- Problem description
Your task is to reproduce the listing exactly, without its images.

- Information supplied
-------------------------

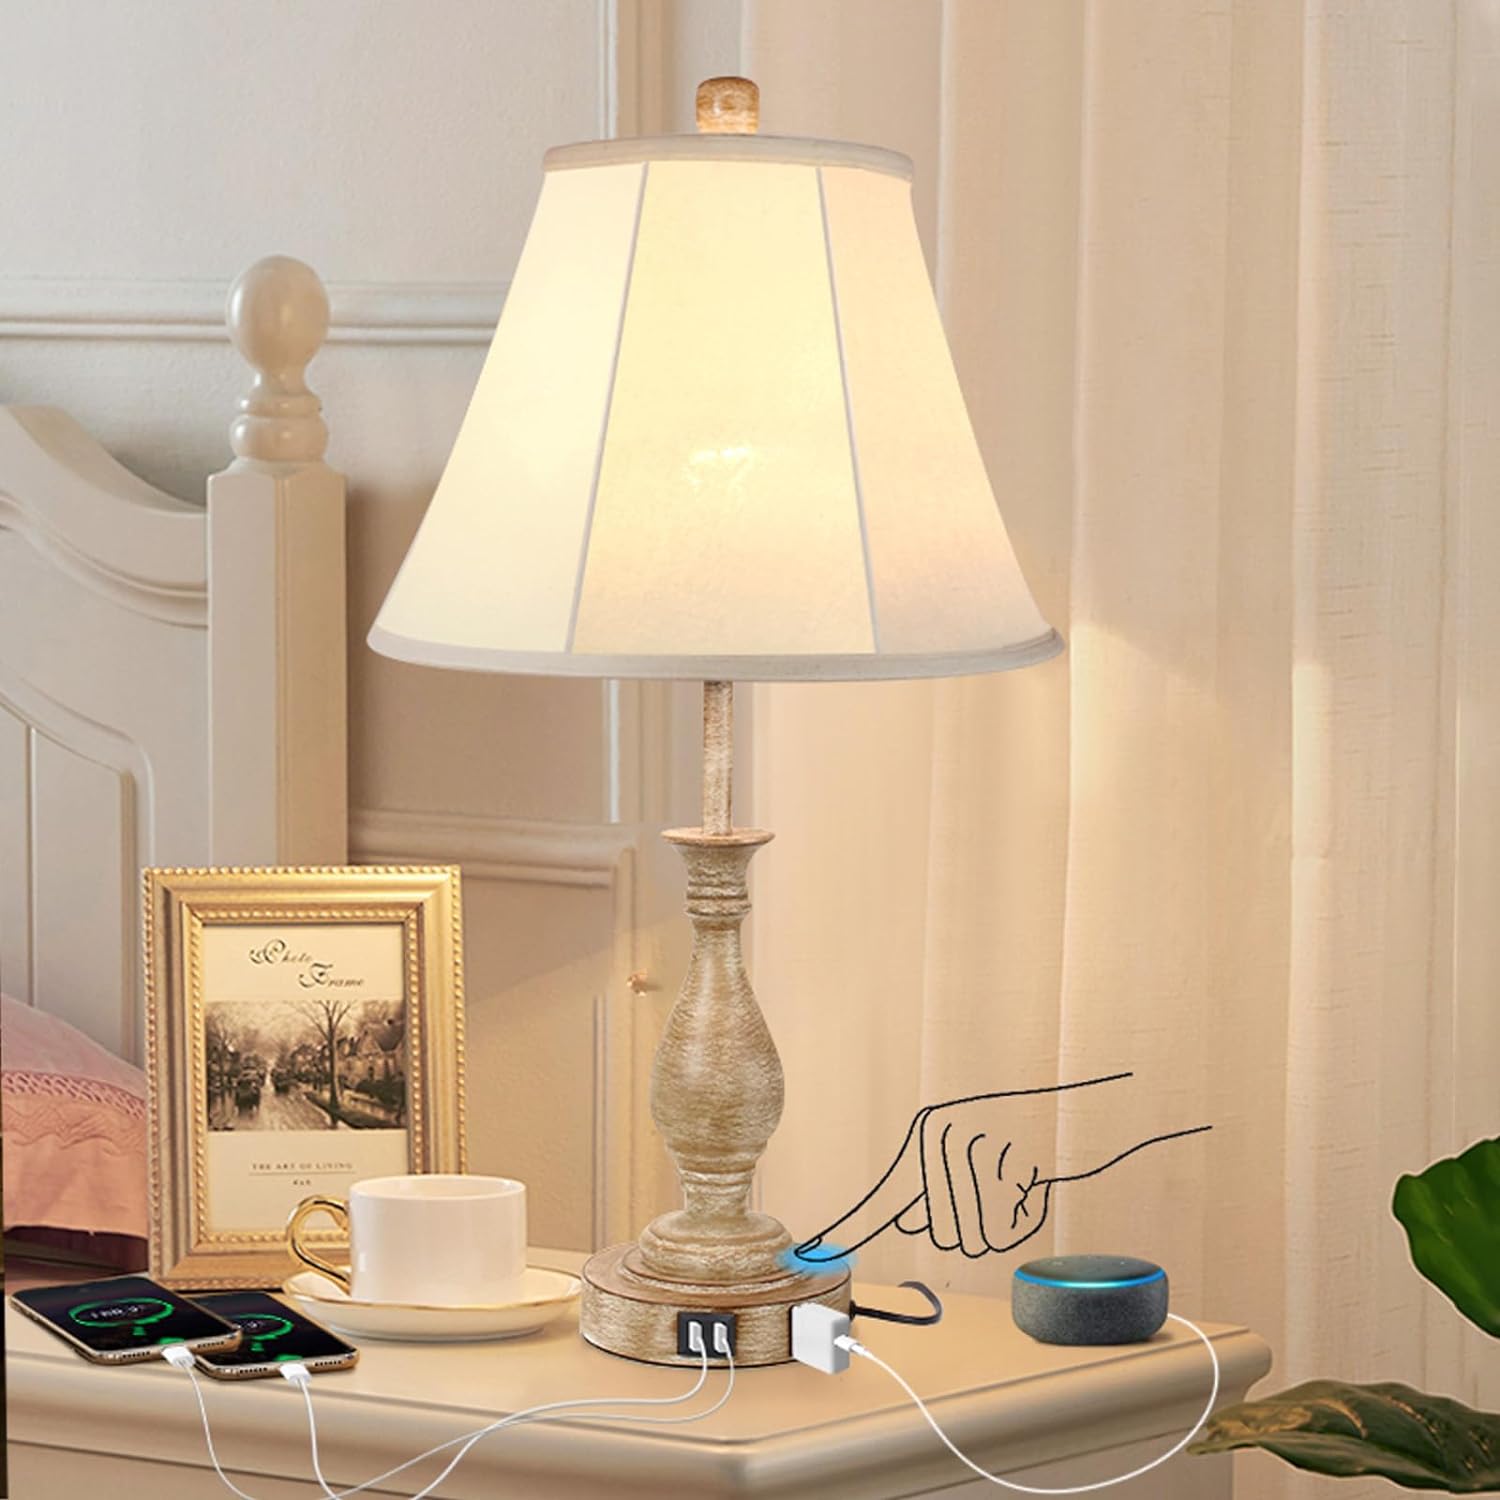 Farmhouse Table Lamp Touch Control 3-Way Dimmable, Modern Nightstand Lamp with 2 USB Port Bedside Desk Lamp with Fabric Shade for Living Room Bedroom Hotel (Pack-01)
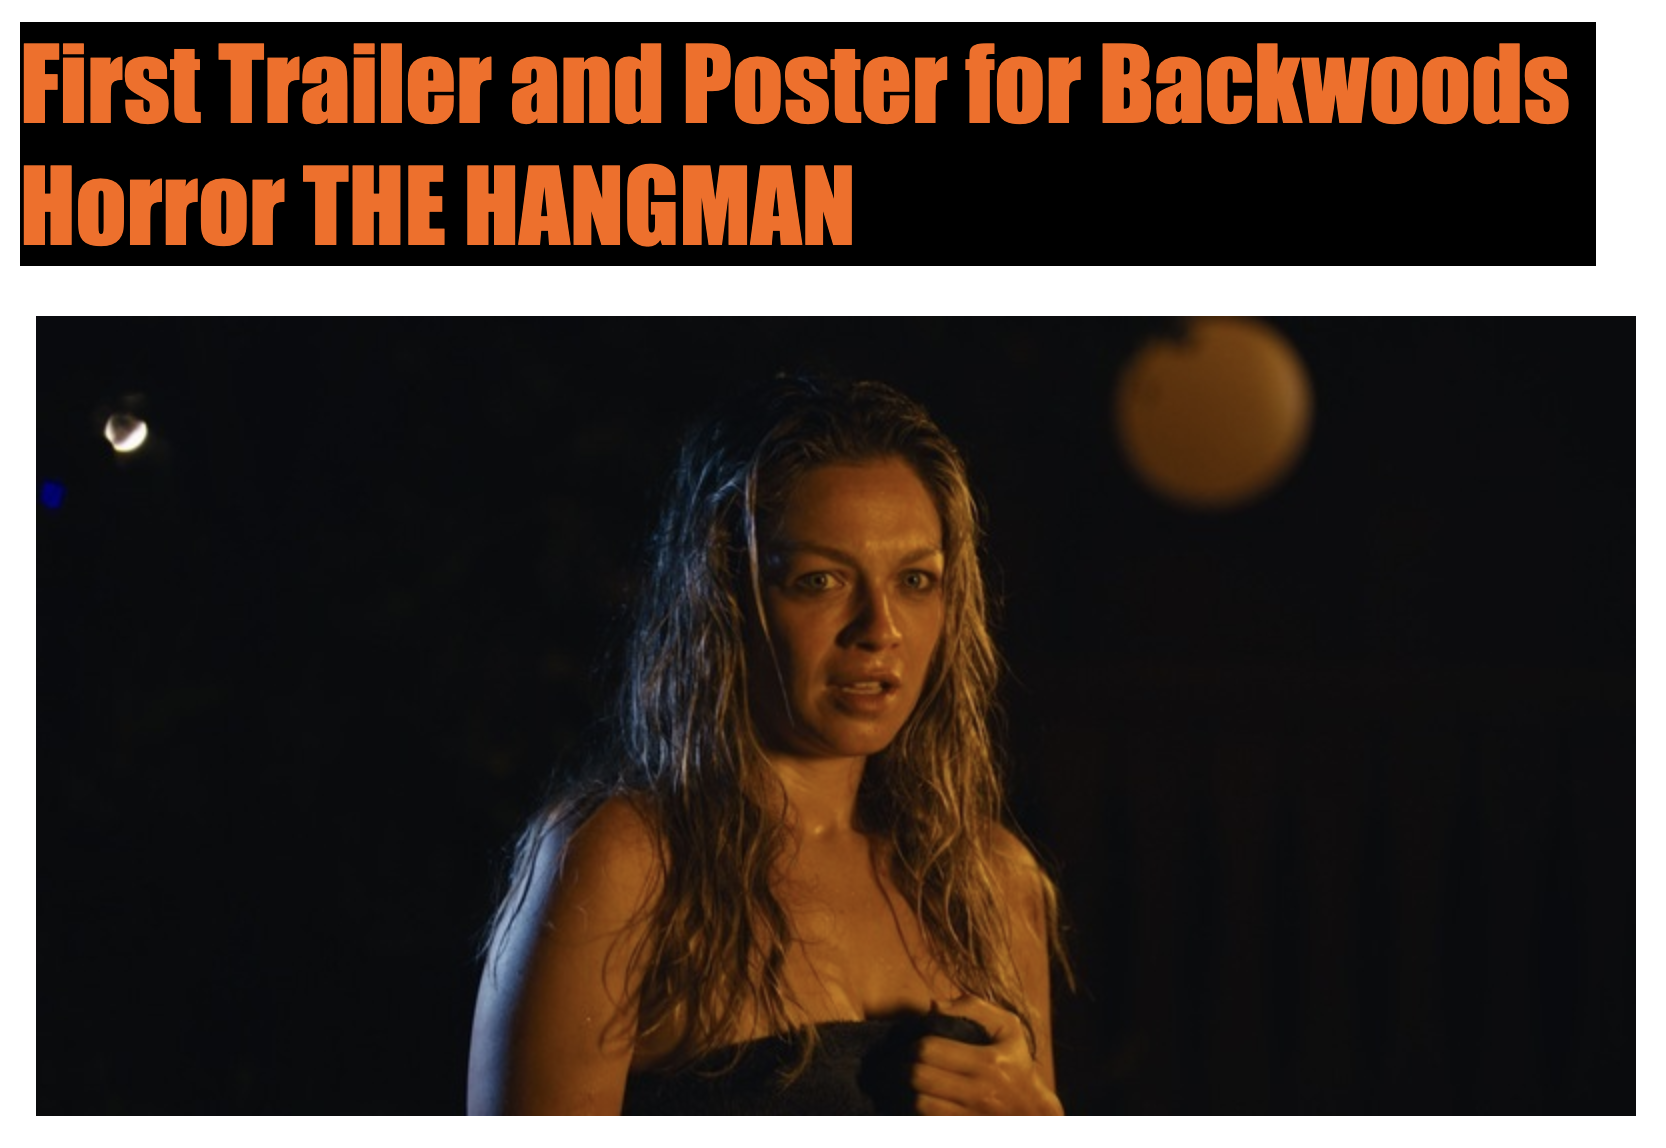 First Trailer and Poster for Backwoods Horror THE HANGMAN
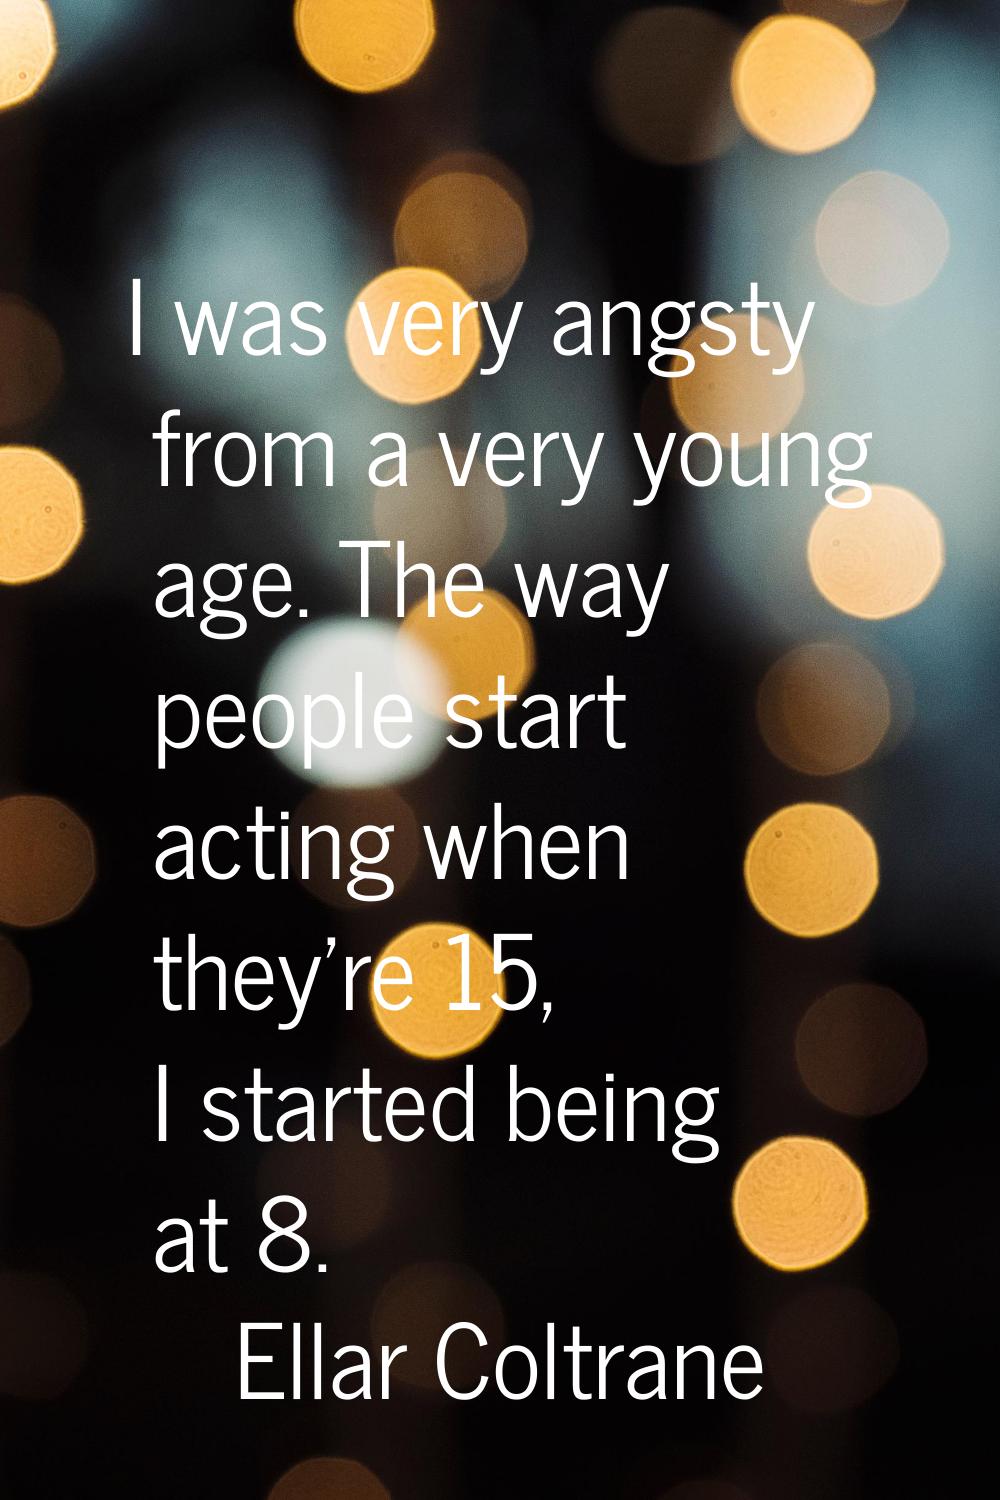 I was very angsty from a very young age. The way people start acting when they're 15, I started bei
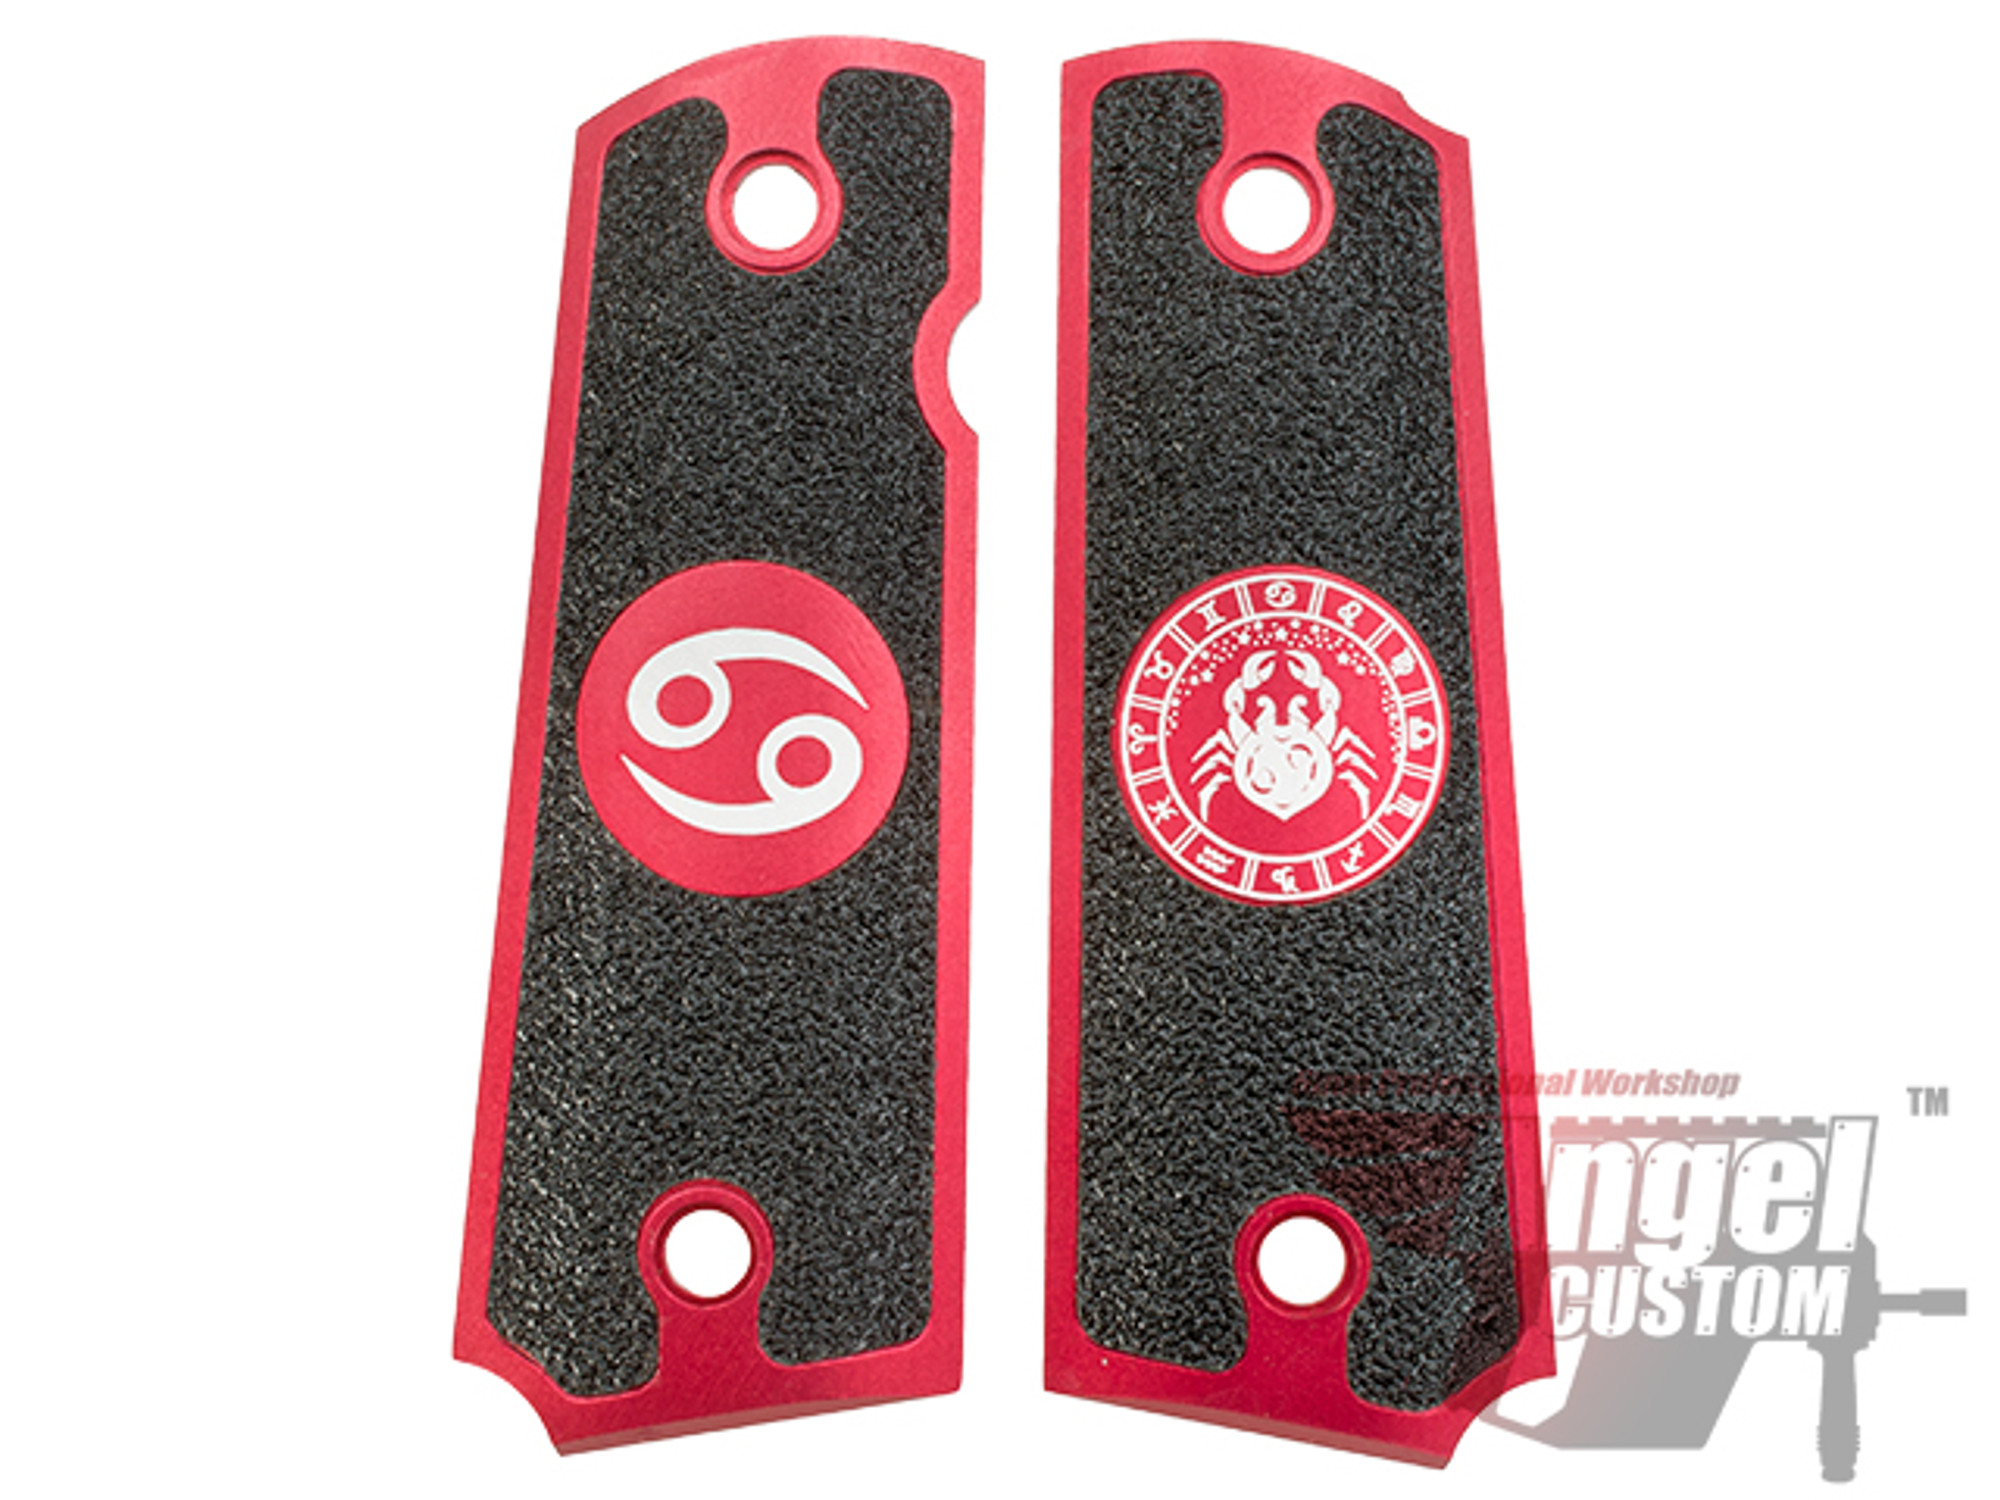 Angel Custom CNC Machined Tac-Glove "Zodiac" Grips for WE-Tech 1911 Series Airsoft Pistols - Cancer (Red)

-------------------------

- Exercise response
 Farmhouse Table Lamp Touch Control 3-Way Dimmable, Modern Nightstand Lamp with 2 USB Port Bedside Desk Lamp with Fabric Shade for Living Room Bedroom Hotel (Pack-01)
 First Trailer and Poster for Backwoods Horror THE HANGMAN
 I was very angsty from a very young age. The way people start acting when they're 15, I started bei
 Angel Custom CNC Machined Tac-Glove "Zodiac" Grips for WE-Tech 1911 Series Airsoft Pistols - Cancer (Red)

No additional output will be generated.